> [TASK STATEMENT]
Repeat the listing exactly. The images do not belong in the copy.

> [INPUT DATA]
- Opening Delimiter -

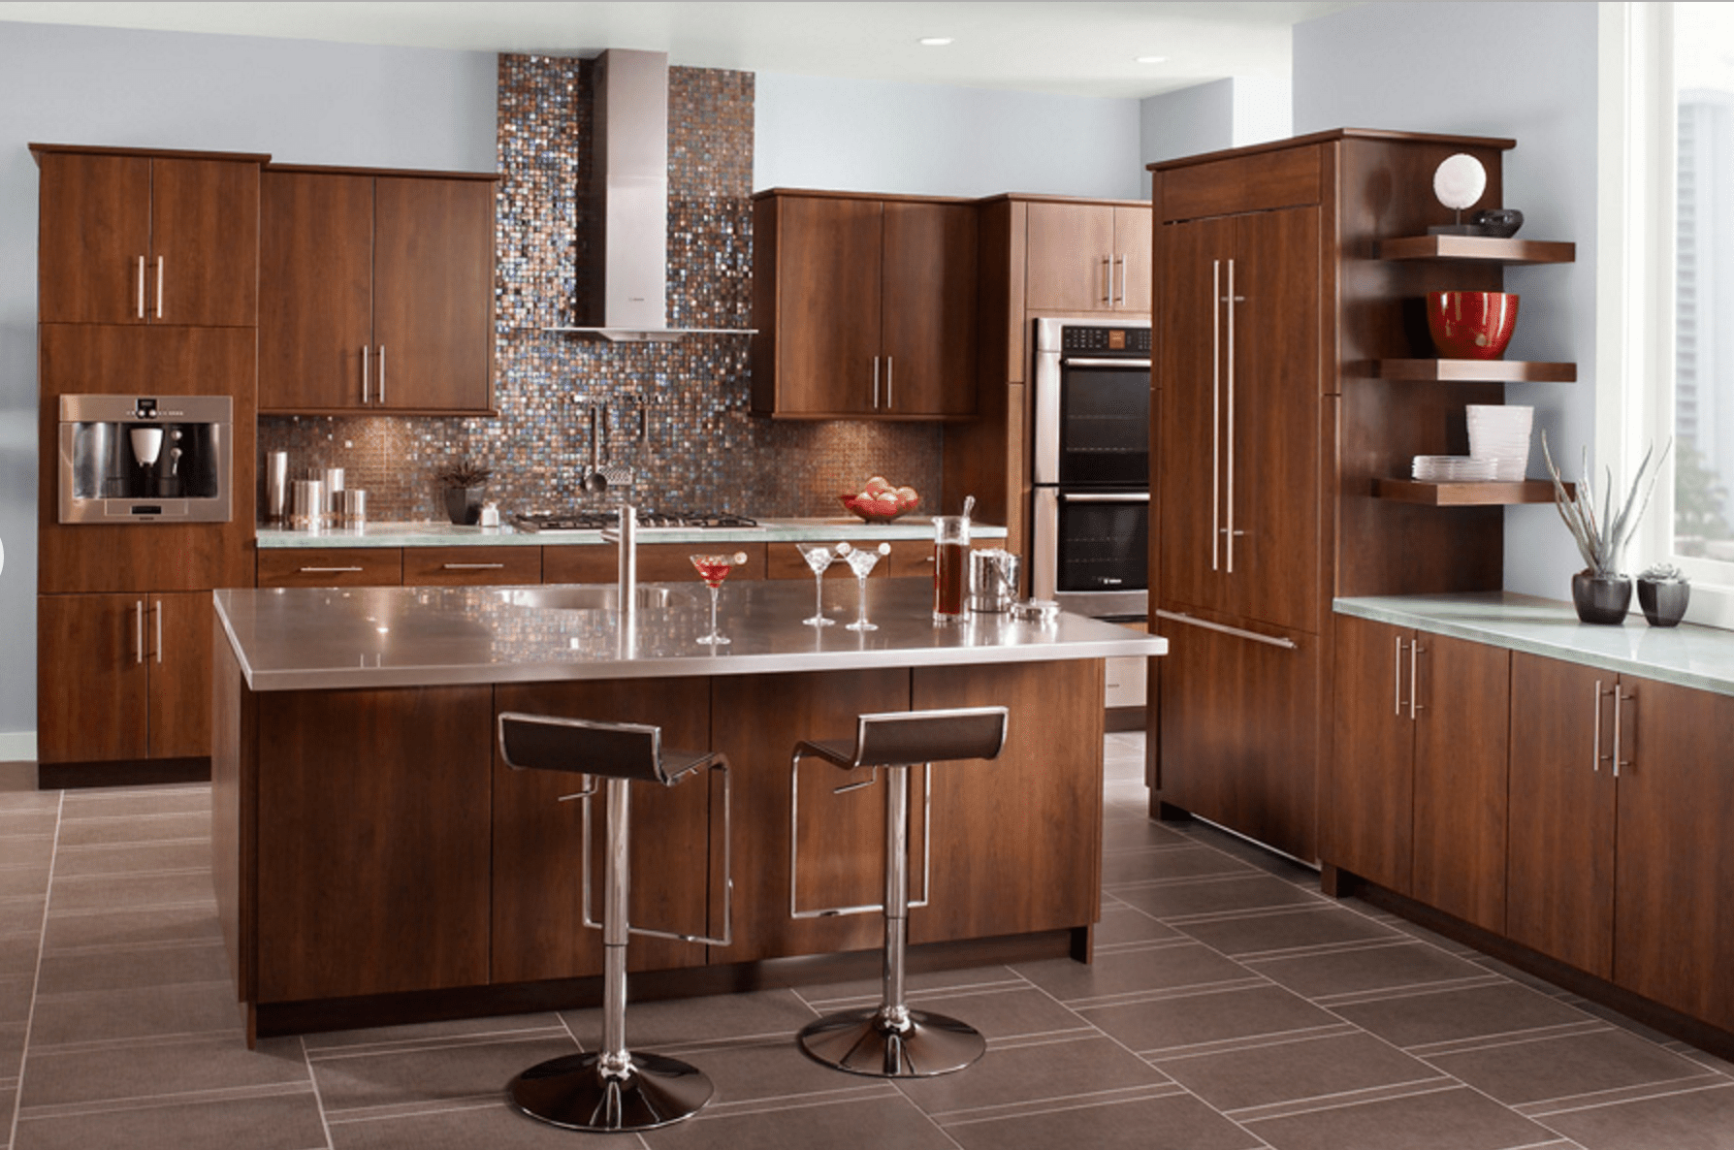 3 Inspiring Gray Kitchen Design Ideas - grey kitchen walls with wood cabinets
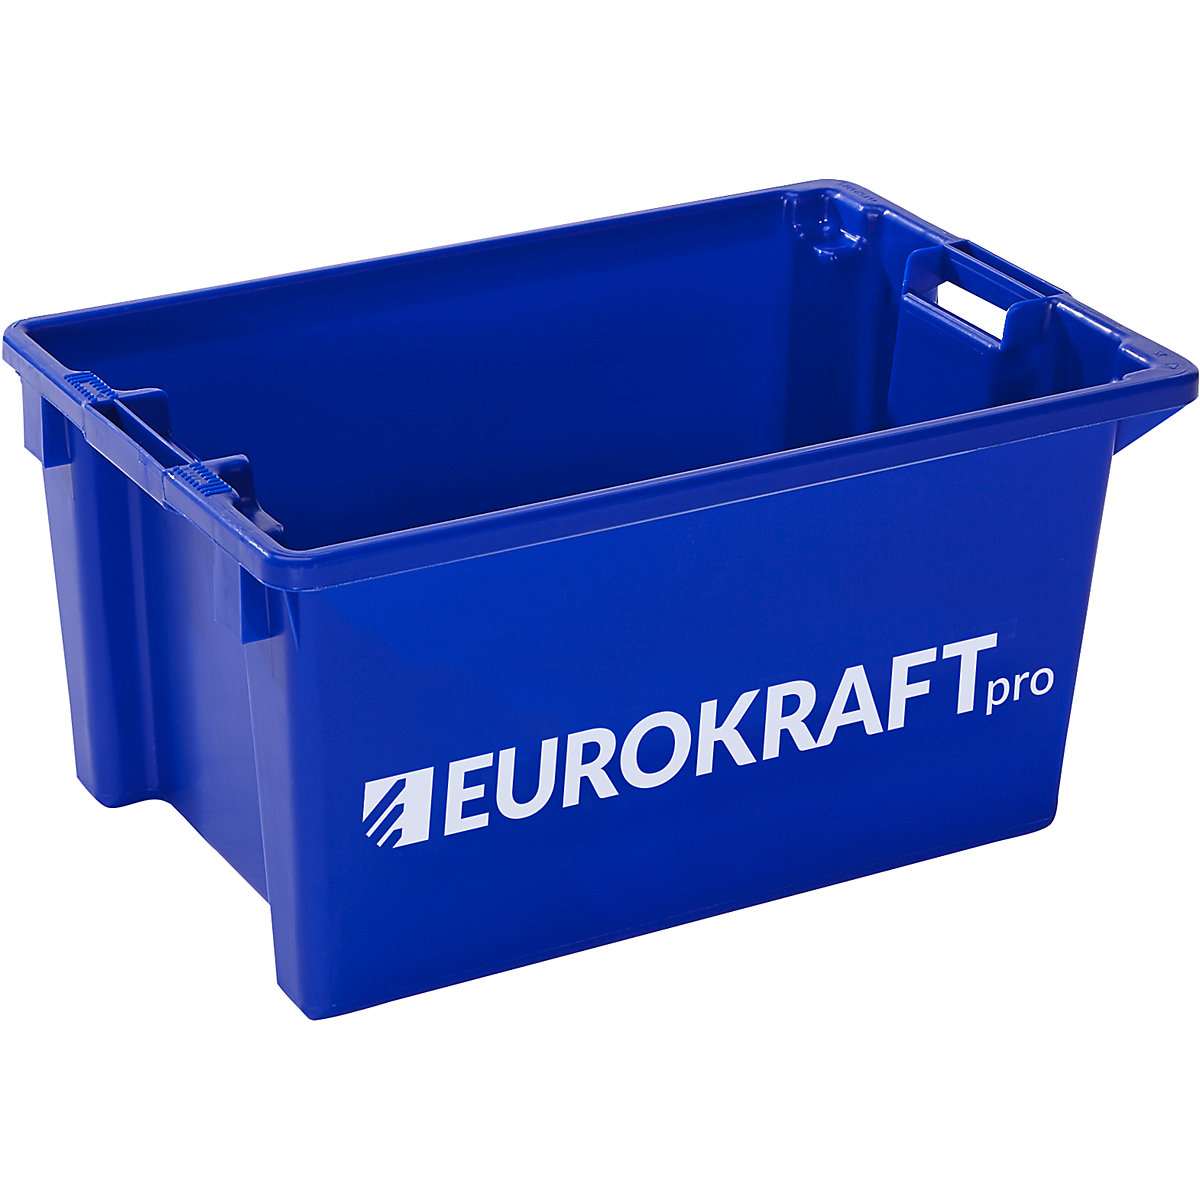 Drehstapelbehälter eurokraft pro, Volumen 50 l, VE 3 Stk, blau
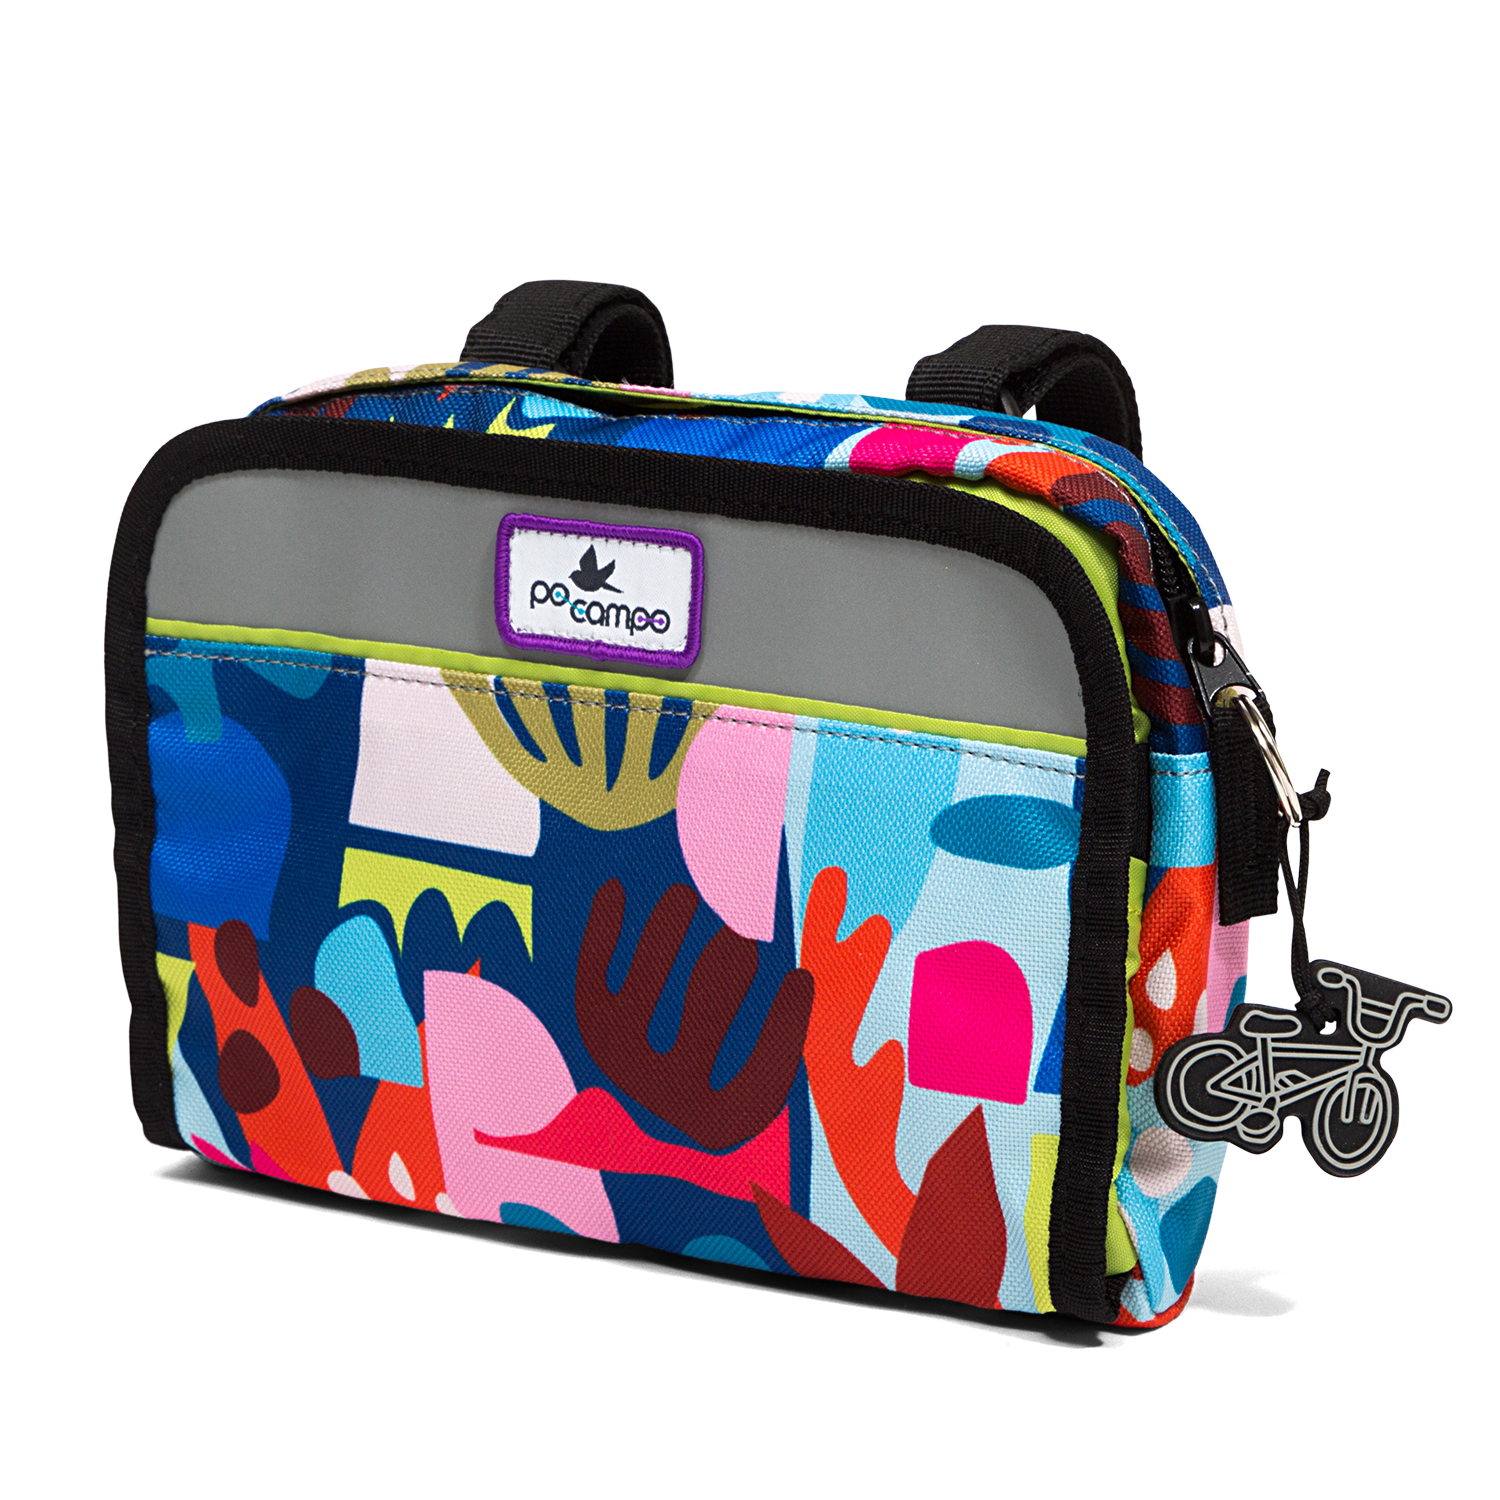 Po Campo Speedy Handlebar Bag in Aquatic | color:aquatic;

- Closing Delimiter -

> [RESPONSE TO THIS TASK]
 3 Inspiring Gray Kitchen Design Ideas - grey kitchen walls with wood cabinets
 Drehstapelbehälter eurokraft pro, Volumen 50 l, VE 3 Stk, blau
 Po Campo Speedy Handlebar Bag in Aquatic | color:aquatic;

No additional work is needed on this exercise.